TribeMCL
From Biocourse.org
Contents |
Abstract
TribeMCL 은 단백질 서열의 클러스터링을 위한 툴입니다. 즉 연관된 그룹, Protein family로 묶어주는 역활을 합니다.
주어진 Dataset 에서 Protein 간의 Similarity Pattern을 분석하여 유사그룹으로 분류되게 됩니다.
TribeMCL은 Markov Clustering 방법을 사용하며 이는 클러스터링 저해요소를 제거하는 데 유용하게 사용됩니다.
These problems include:
multi-domain proteins, peptide fragments and proteins which possess domains which are very widespread (promiscuous domains).
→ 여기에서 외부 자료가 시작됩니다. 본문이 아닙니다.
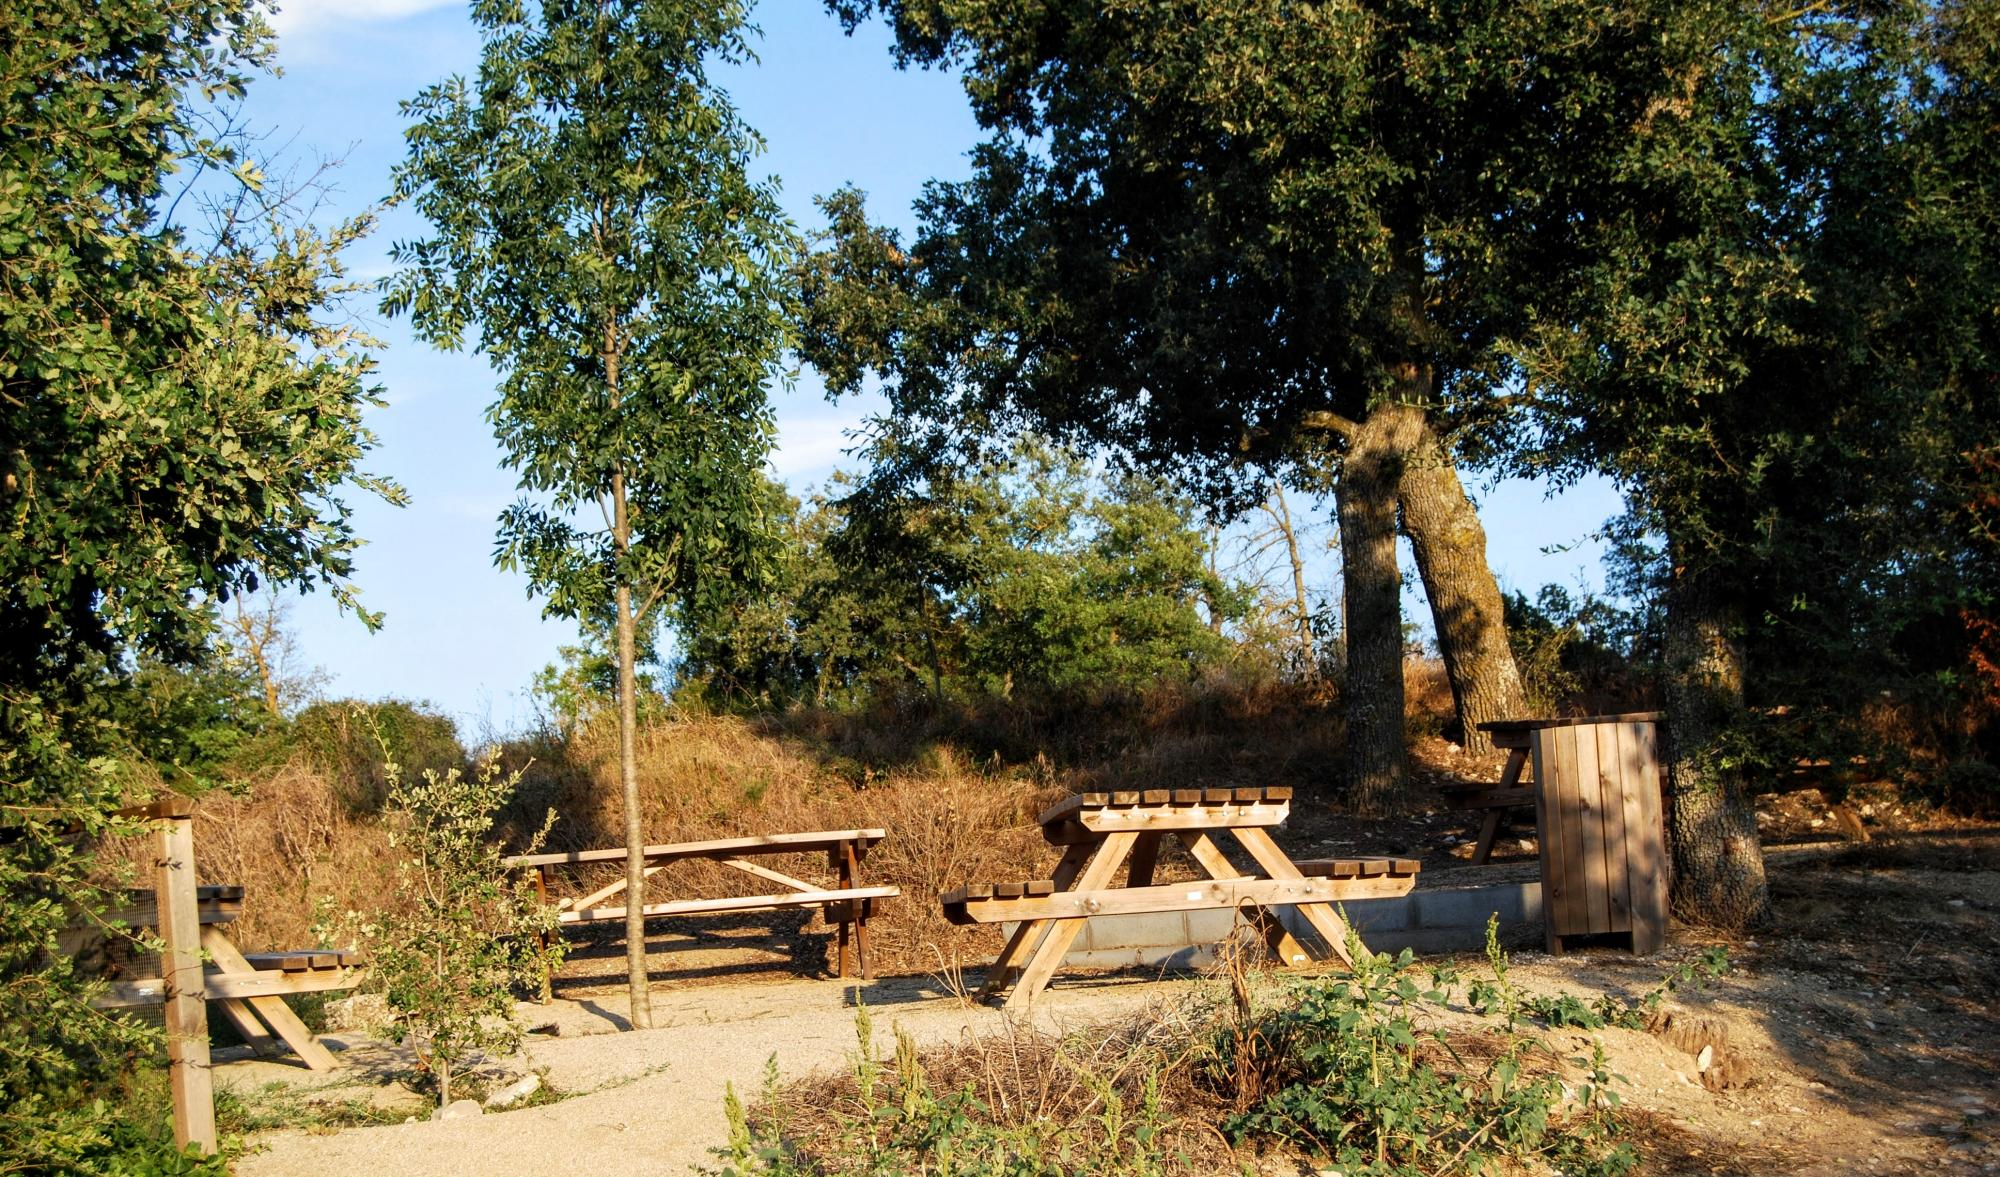 Park of Pou de Madern
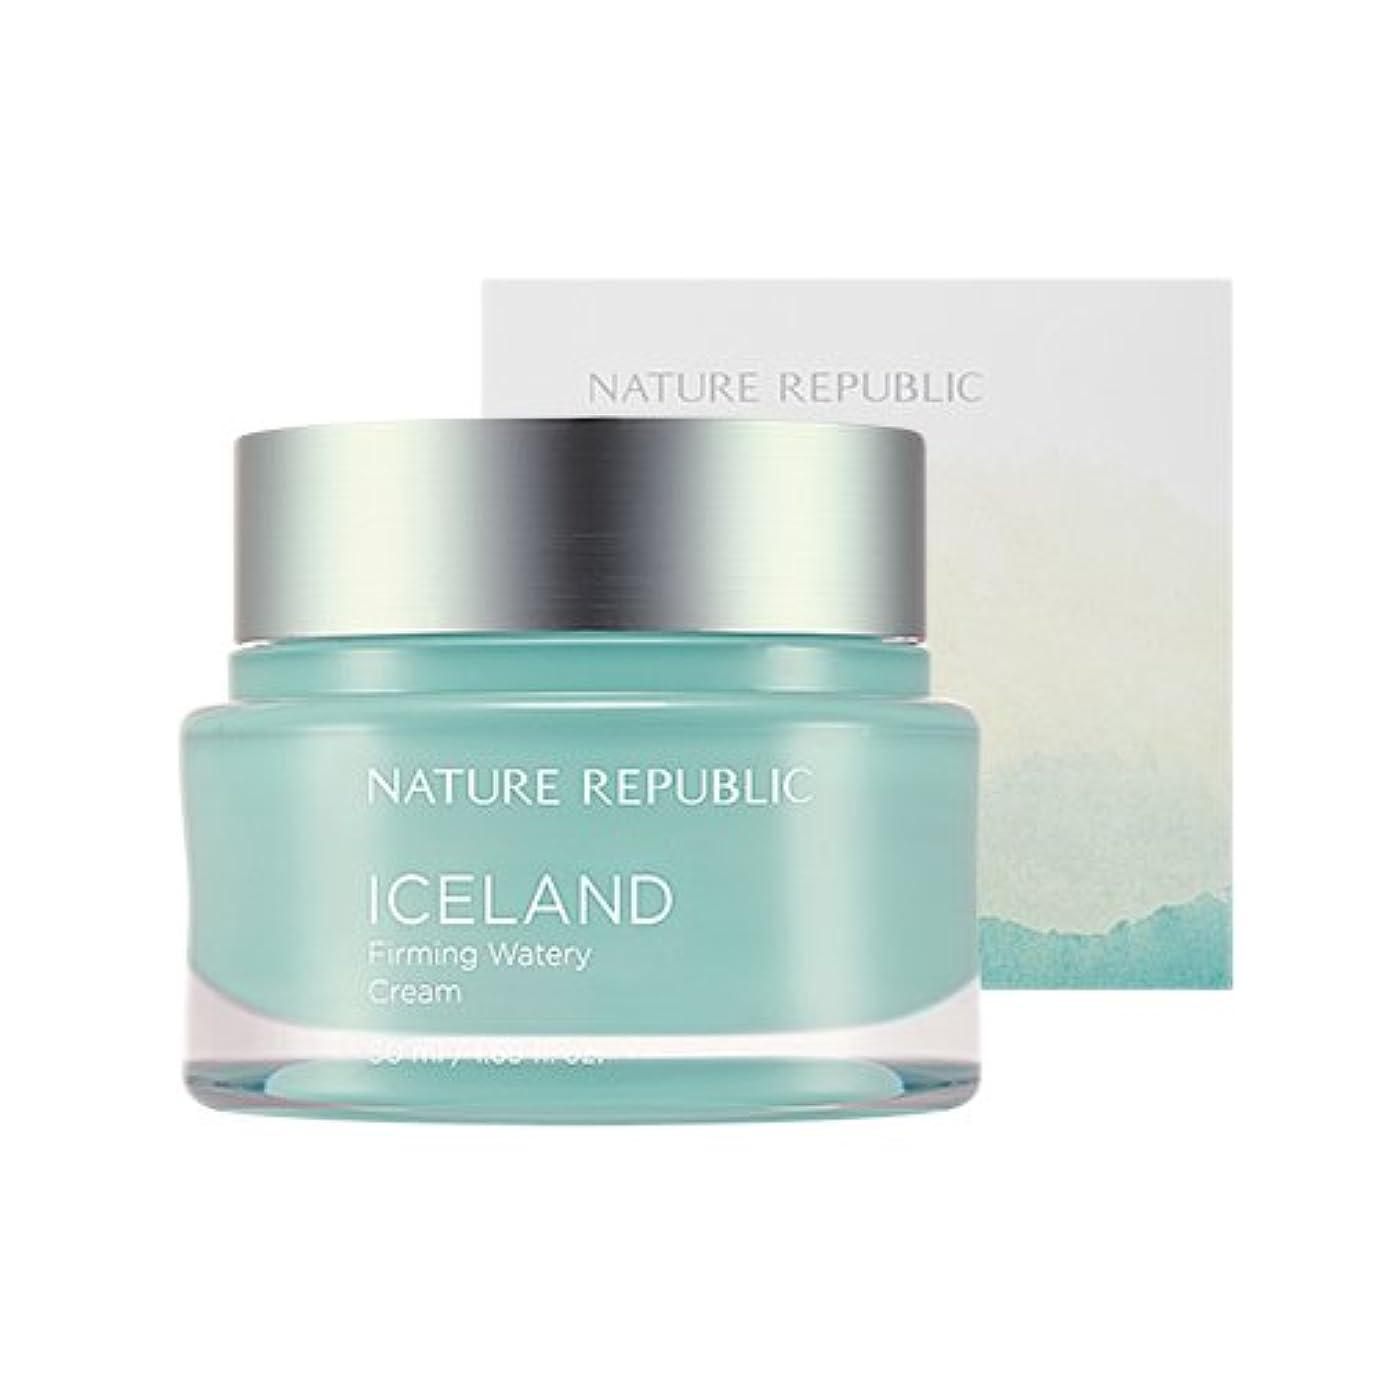 小さい無限臭いNature Republic Iceland Firming Watery Cream 50ml / ネイチャーリパブリック アイスファーミング水分クリーム 50ml [並行輸入品]

The efficiency of the method makes it applicable to the clustering of very large datasets. We routinely use the algorithm to cluster datasets as large as 500,000 peptides.
Install tribe-mcl
./configure --prefix=/usr/local/mcl --enable-tribe
make
make install
64bit에서 tribe-matrix 프로그램 실행시 새그멘테이션 에러가 날때는 32bit에서 컴파일된 tribe-matrix를 가지고 와서 덮어 씌우면 실행이 됨
Method
Protein sequence similarities are represented as a graph where nodes represent proteins and edges represent protein sequence similarities detected using a method such as BLAST.
This graph is weighted according to the -log(E-value) detected by BLAST for each sequence similarity.
The graph is then transformed into a markov matrix which represents a transition probability between all nodes of the graph based on connectivities and weights.
This matrix is passed through iterative rounds of expansion (raising the matrix to a power) and inflation (rescaling transition probabilities after expansion).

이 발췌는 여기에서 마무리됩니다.